▶ _Given information_
____

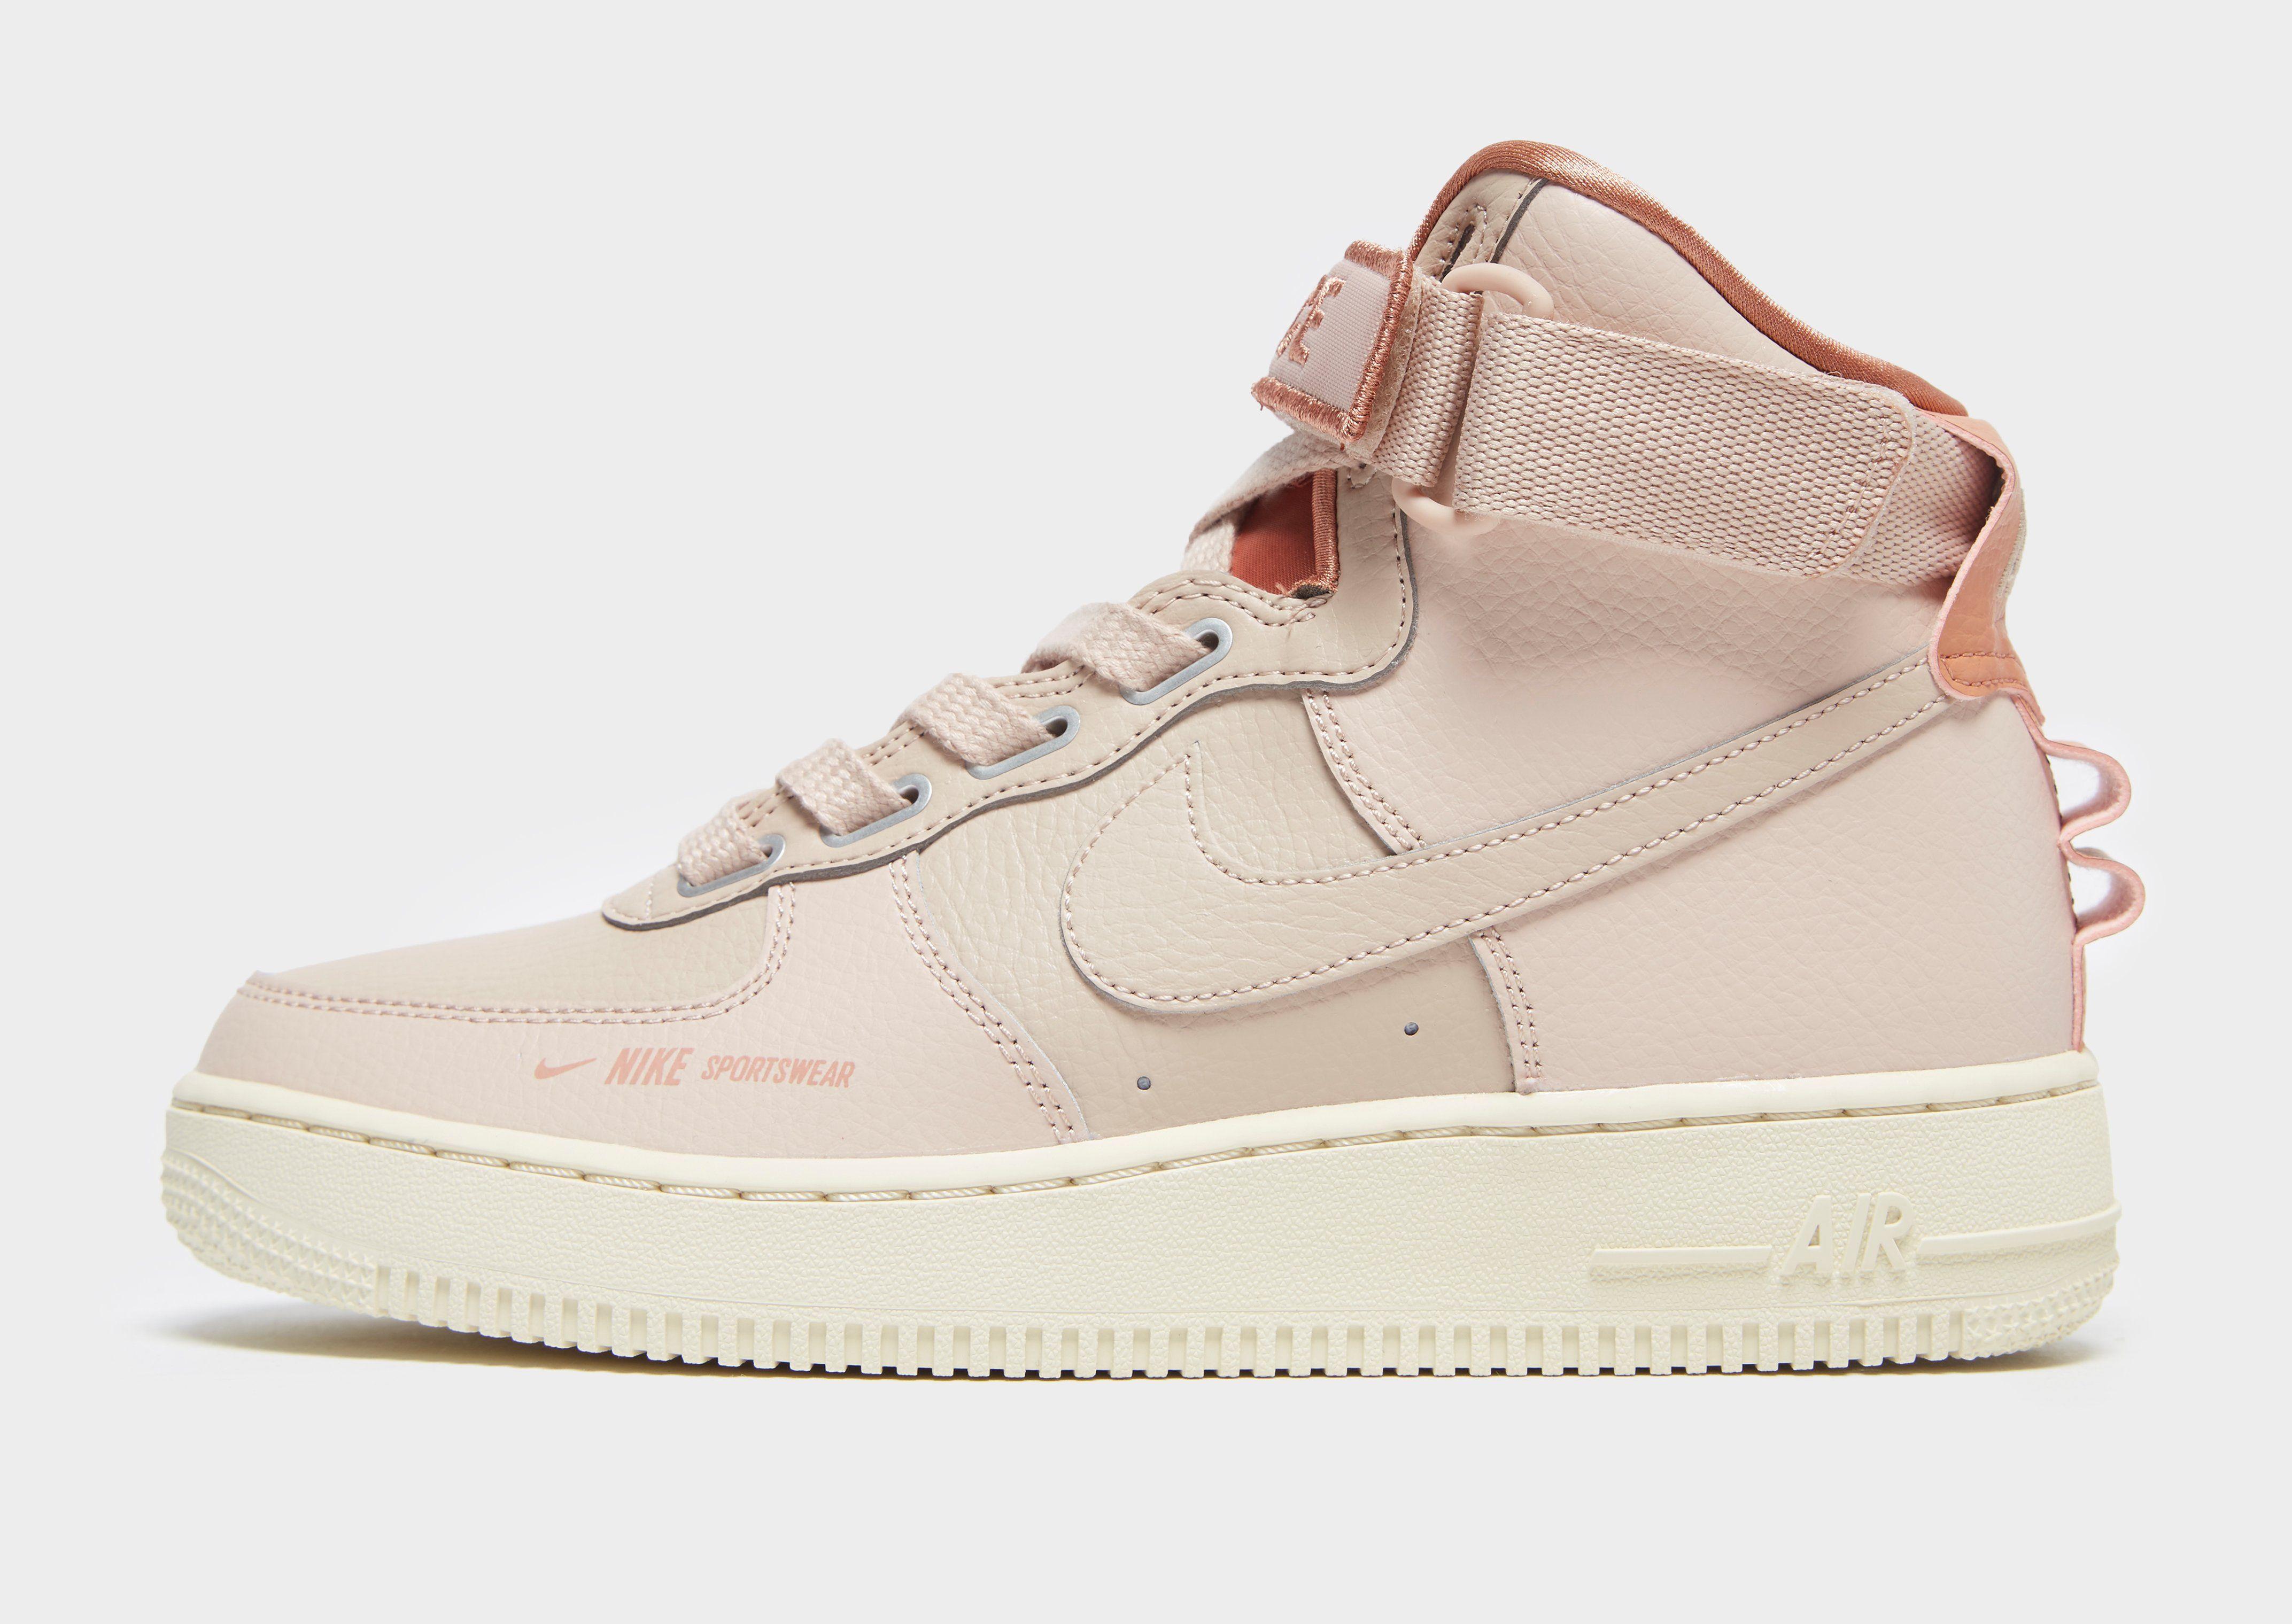 on sale 9a7a8 c24b2 NIKE Nike Air Force 1 High Utility Women s Shoe   JD Sports
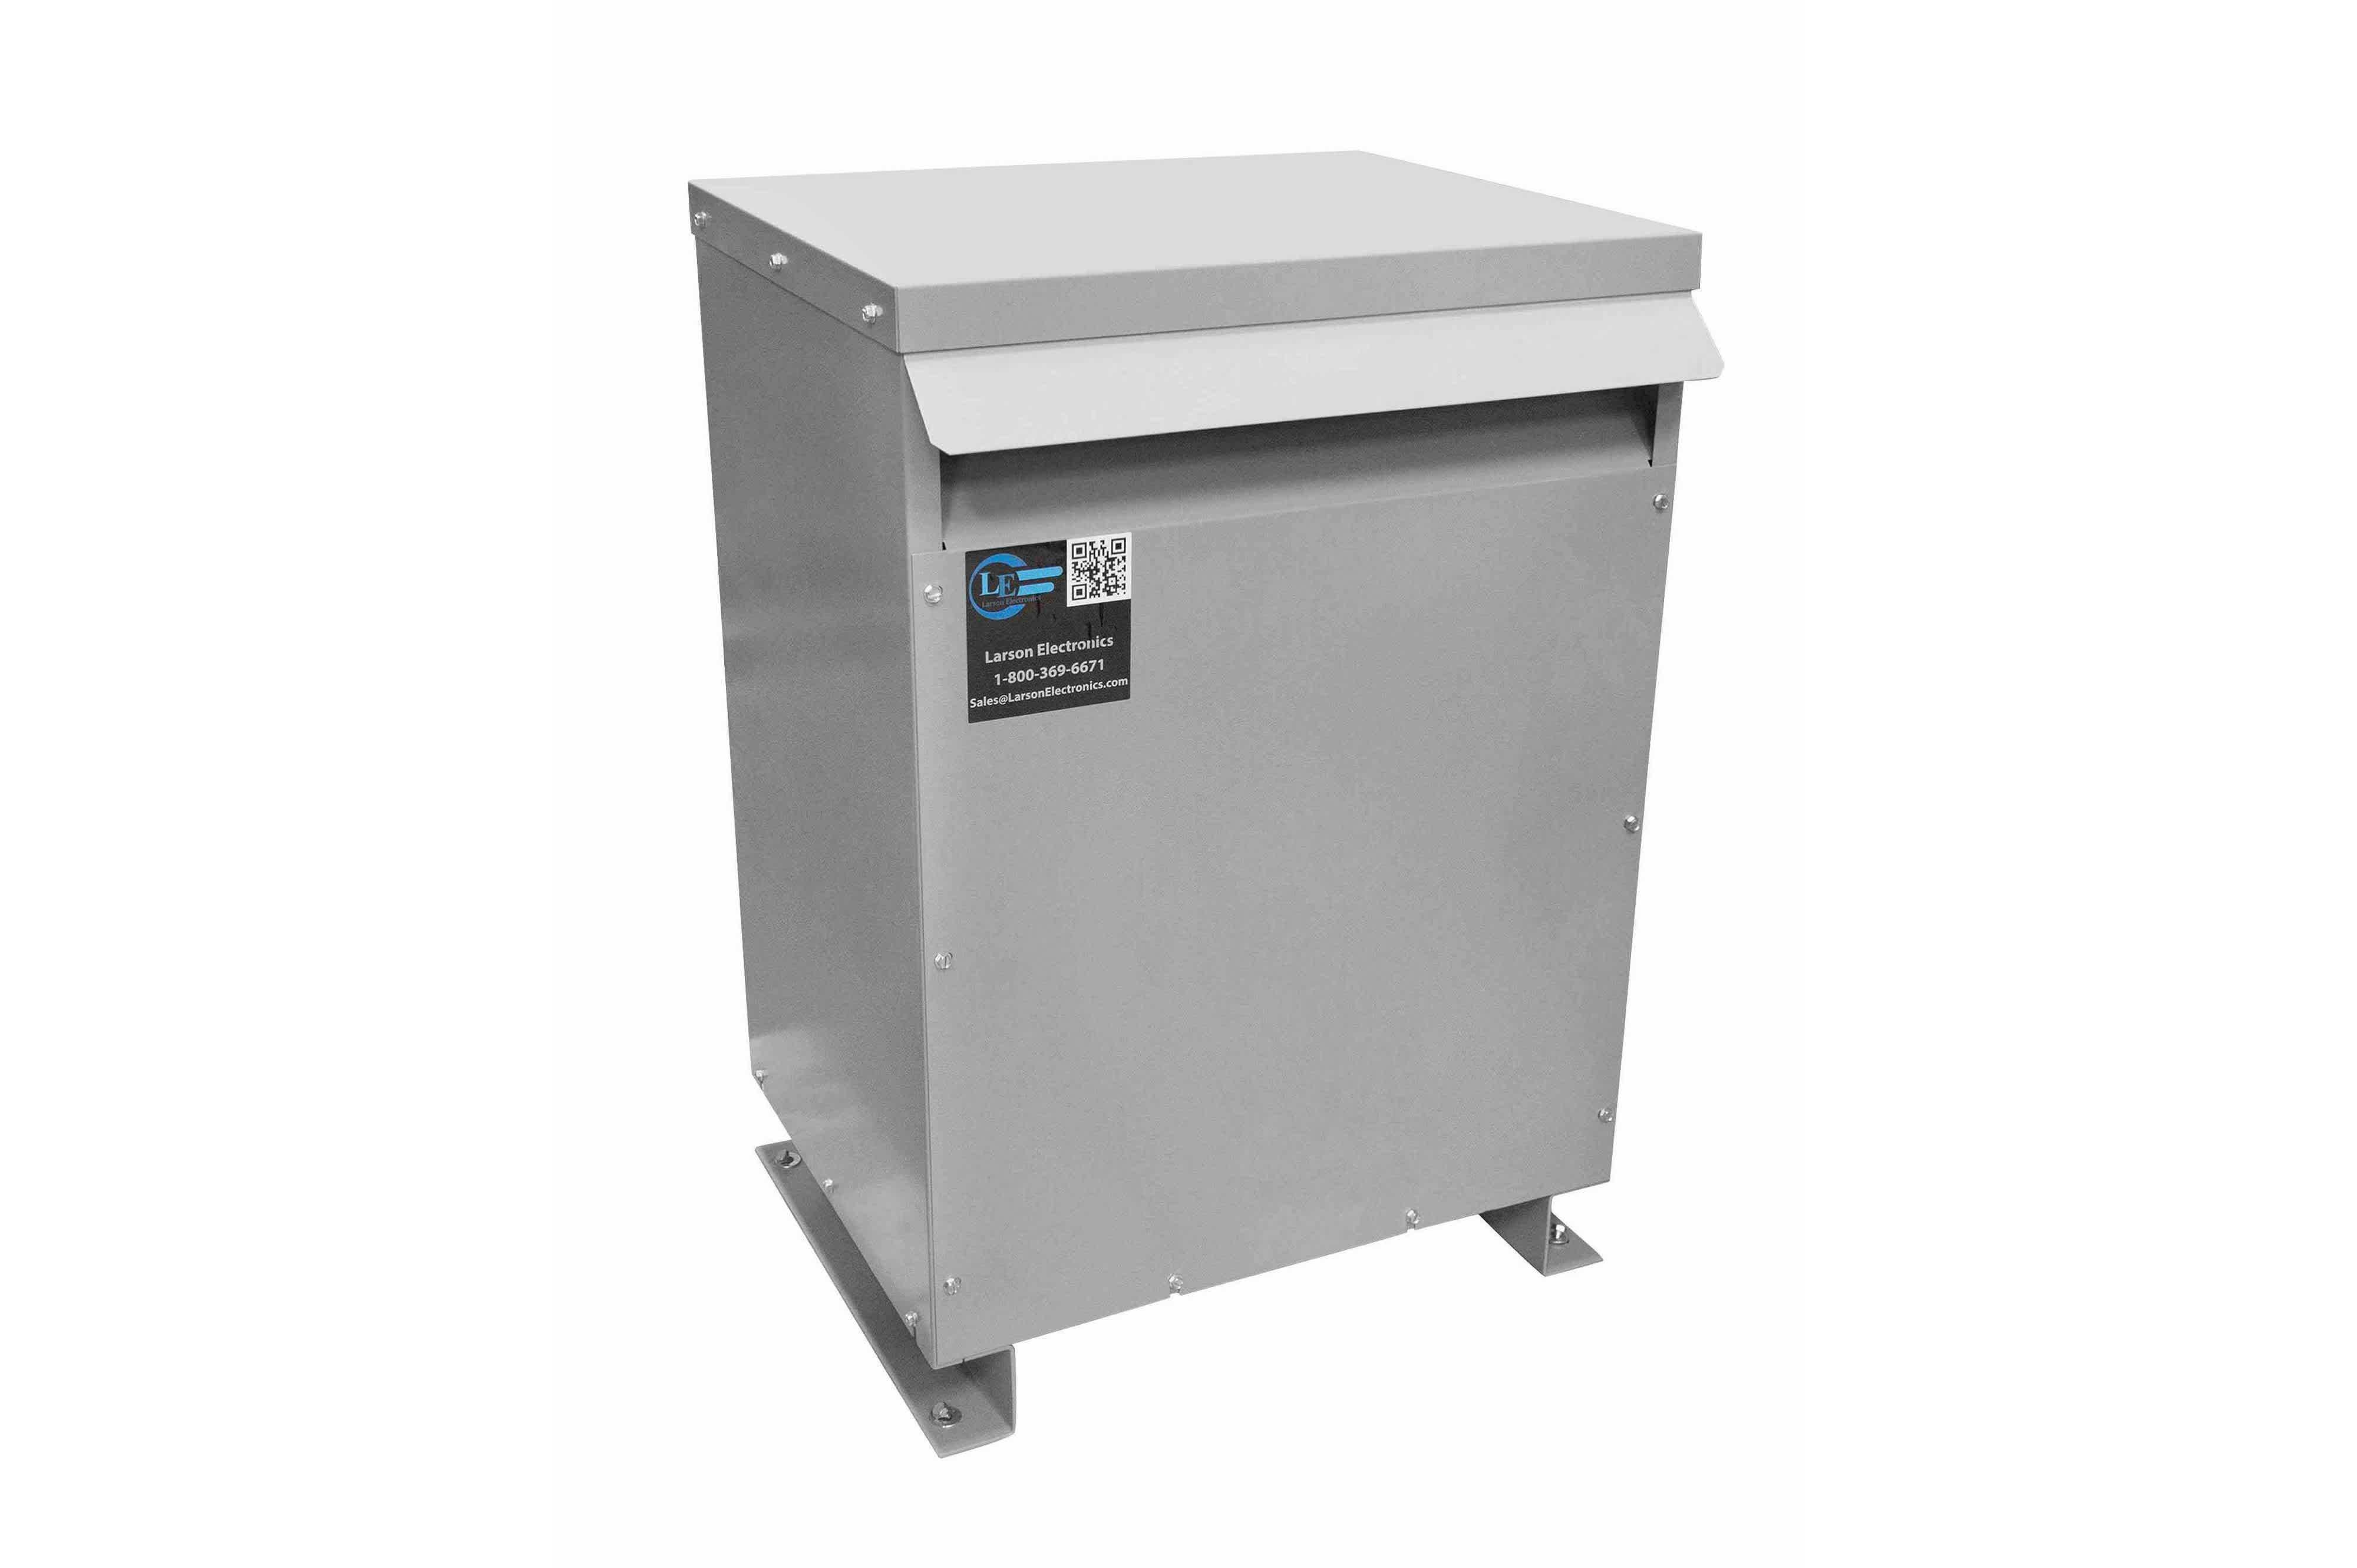 900 kVA 3PH Isolation Transformer, 440V Wye Primary, 240V/120 Delta Secondary, N3R, Ventilated, 60 Hz
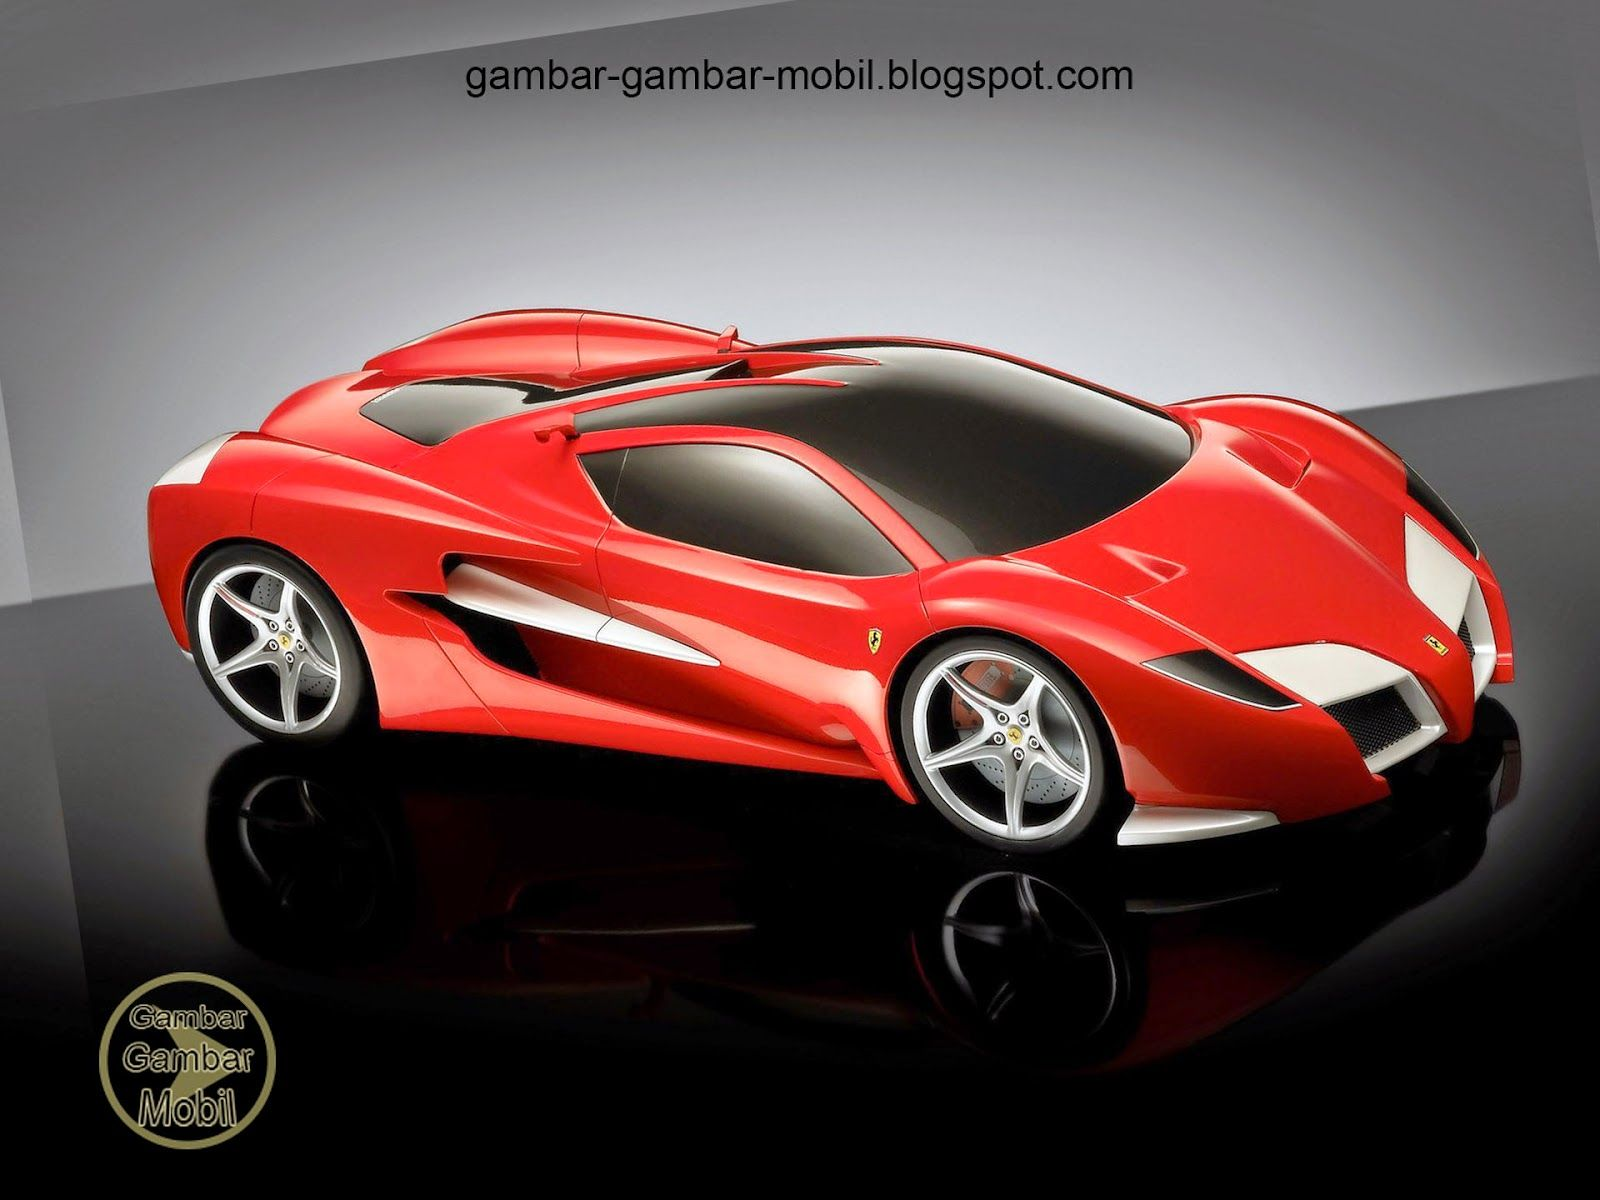 Gambar Mobil Ferrari Gambar Gambar Mobil Ferrari Mobil Mobil Balap

____

▶ _What needs to be done_
Output the data above in full. Skip every picture.

▶ _Task answer_
 on sale 9a7a8 c24b2 NIKE Nike Air Force 1 High Utility Women s Shoe   JD Sports
 900 kVA 3PH Isolation Transformer, 440V Wye Primary, 240V/120 Delta Secondary, N3R, Ventilated, 60 Hz
 Gambar Mobil Ferrari Gambar Gambar Mobil Ferrari Mobil Mobil Balap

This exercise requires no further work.